Beranjak remaja aku mulai mengenal bahwa dua insan bisa memiliki rasa suka. Ibuku selalu mewanti-wanti bahwa dalam hubungan pria-wanita yang belum sah, maka kerugian selalu menimpa perempuan. Perempuan selalu mendapatkan stigma buruk di masyarakat. Jika terjadi kehamilan di luar nikah maka 99% wanita lah yang menanggung aib dan rasa malunya. Beberapa laki-laki bisa dengan gagah namun tak pemberani, bersembunyi dan melanjutkan hidup.
Semua itu selalu kupegang hingga aku beranjak dewasa.
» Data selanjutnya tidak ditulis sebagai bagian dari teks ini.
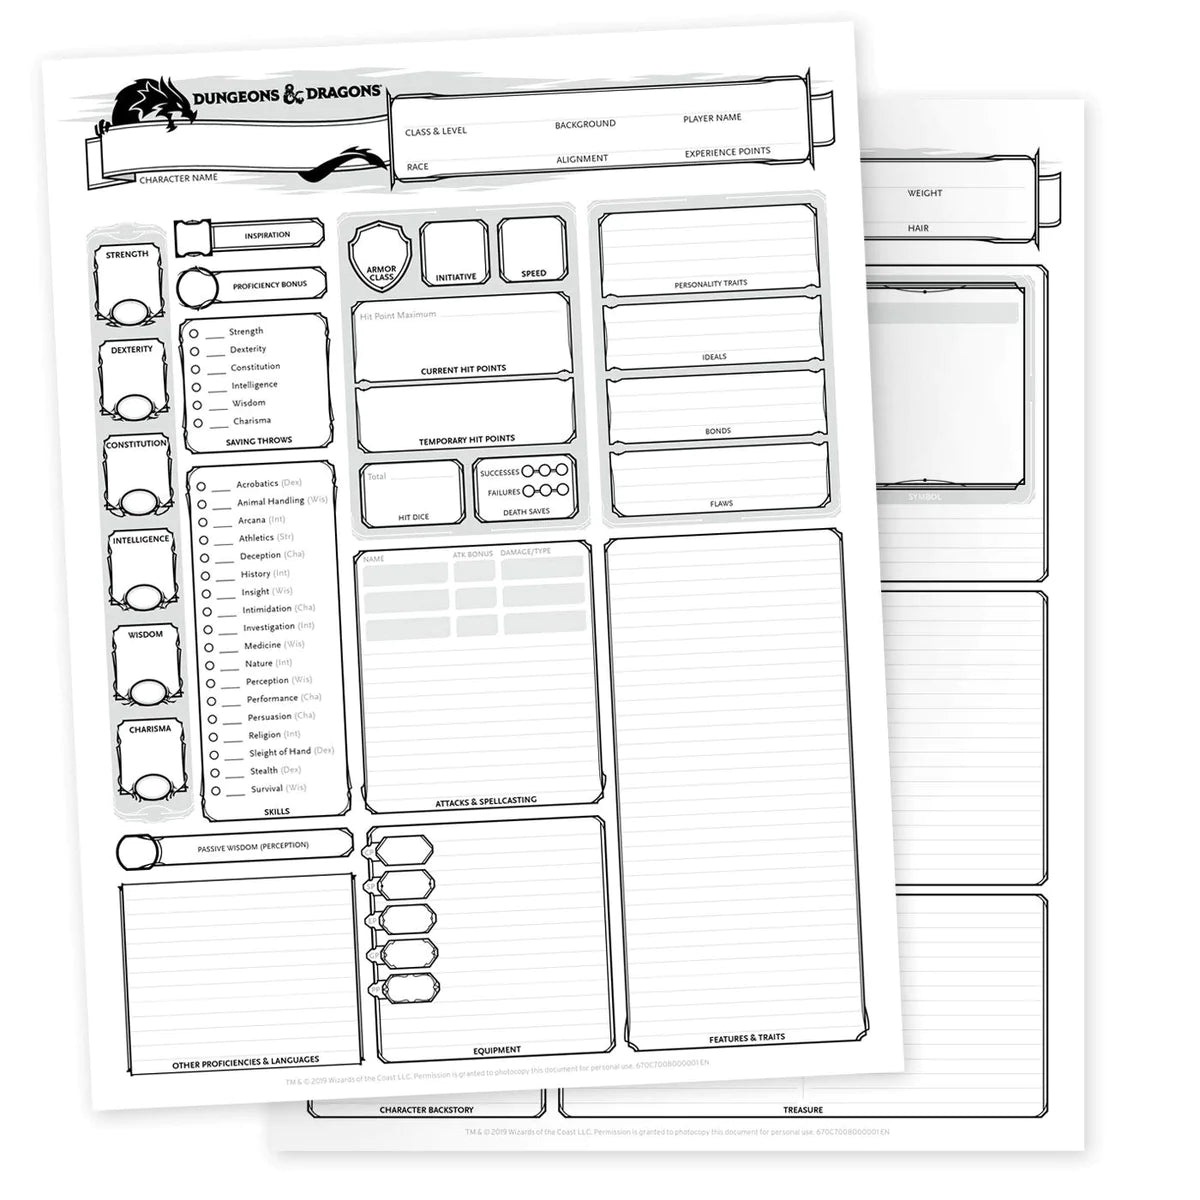 Dungeons & Dragons - Character Sheets - Loaded Dice Barry Vale of Glamorgan CF64 3HD
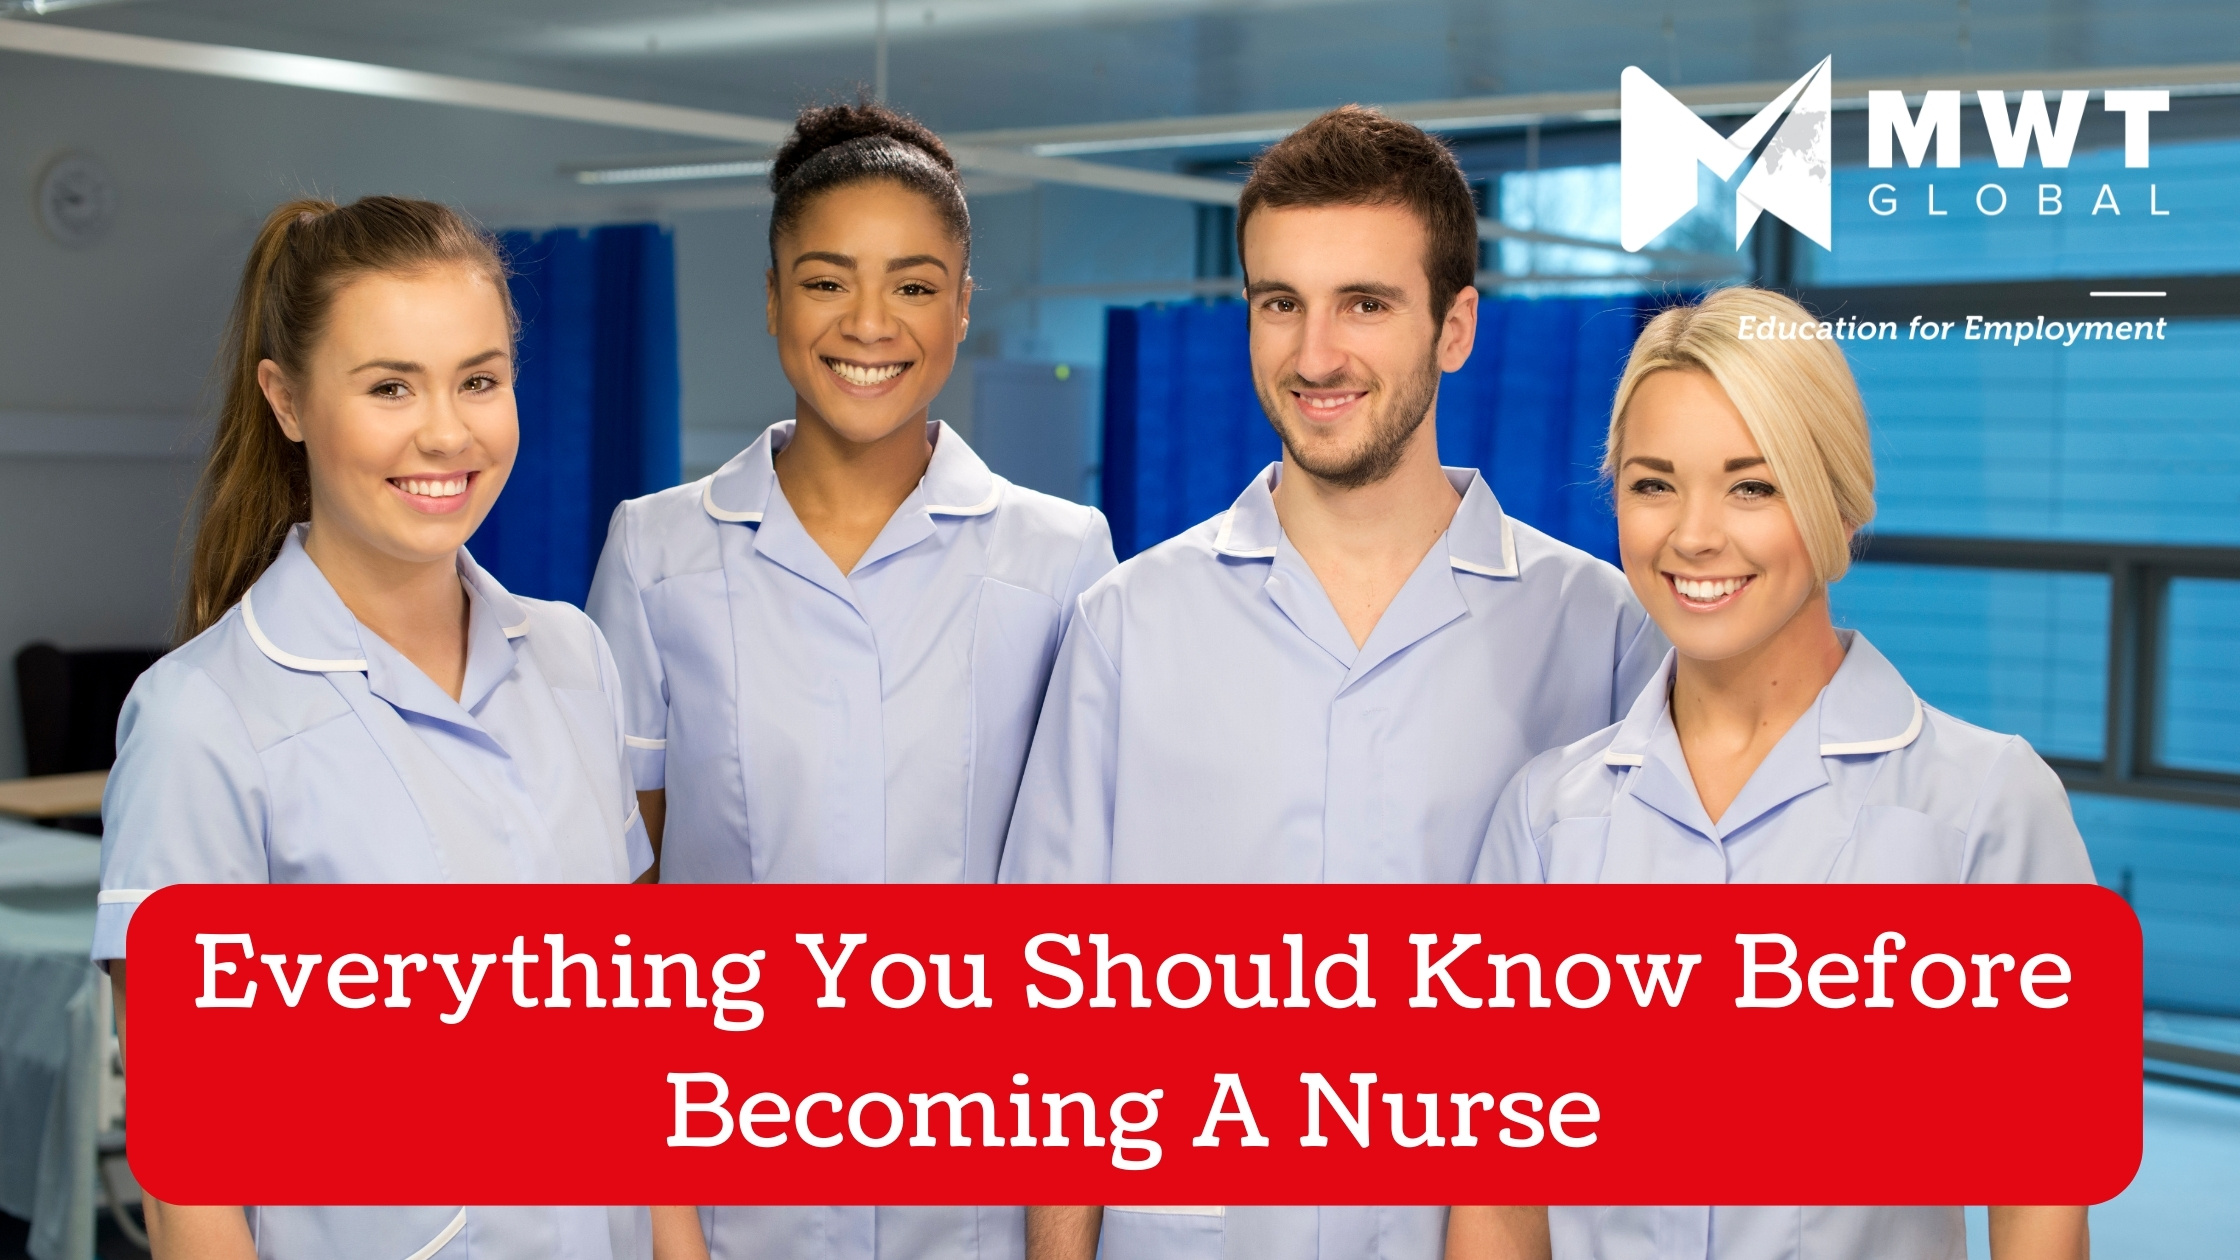 Read This Before You Decide to Become a Nurse

Saat hubungan pria-wanita tadi menjelma ke ikatan yang lebih kuat. Aku terus memperhatikan perempuan-perempuan di sekelilingku menjalani kehidupan pernikahan yang jauh dari ideal. Beberapa wanita tetap harus bekerja keras siang malam, sembari menyeimbangkan urusan domestik dan mengurus anak. Juga dengan beban penghakiman di masyarakat atas pilihan-pilihannya.
Sungguh mudah jadi laki-laki.
Namun semua pandangan itu berbeda saat aku telah menikah beberapa tahun. Pada awalnya anggapanku aku masih sama. Lama-kelamaan aku melihat segala kesulitan yang harus dilalui oleh Mas Saif, suamiku. Betapa dia harus bekerja dan memutar otak untuk provide kehidupan kami agar terus berjalan dengan lebih baik. Betapa saat pulang, dia juga masih harus bermain dengan anaknya dan mendengarkan keluhan istrinya. Betapa sebagai anak pertama, dia juga tetap ikut andil atas urusan keluarga besarnya. Betapa sulitnya membuat keluarga kecilnya memiliki rasa aman, nyaman, tanpa khawatir hari esok. Betapa berat pula pertanggung jawabannya di akhirat.
Seketika aku sadar, aku tak akan pernah mampu. Peran laki-laki atau perempuan sudah sesuai porsinya. Maka aku terus mendoakan agar mas selalu sehat dan kuat berdiri di kaki mas sendiri seperti biasanya. Semoga mas terus menjadi tameng yang perkasa untuk melindungi, sekaligus jadi rumah ternyaman untuk ditinggali. Semoga mas juga selalu bahagia bersama kami.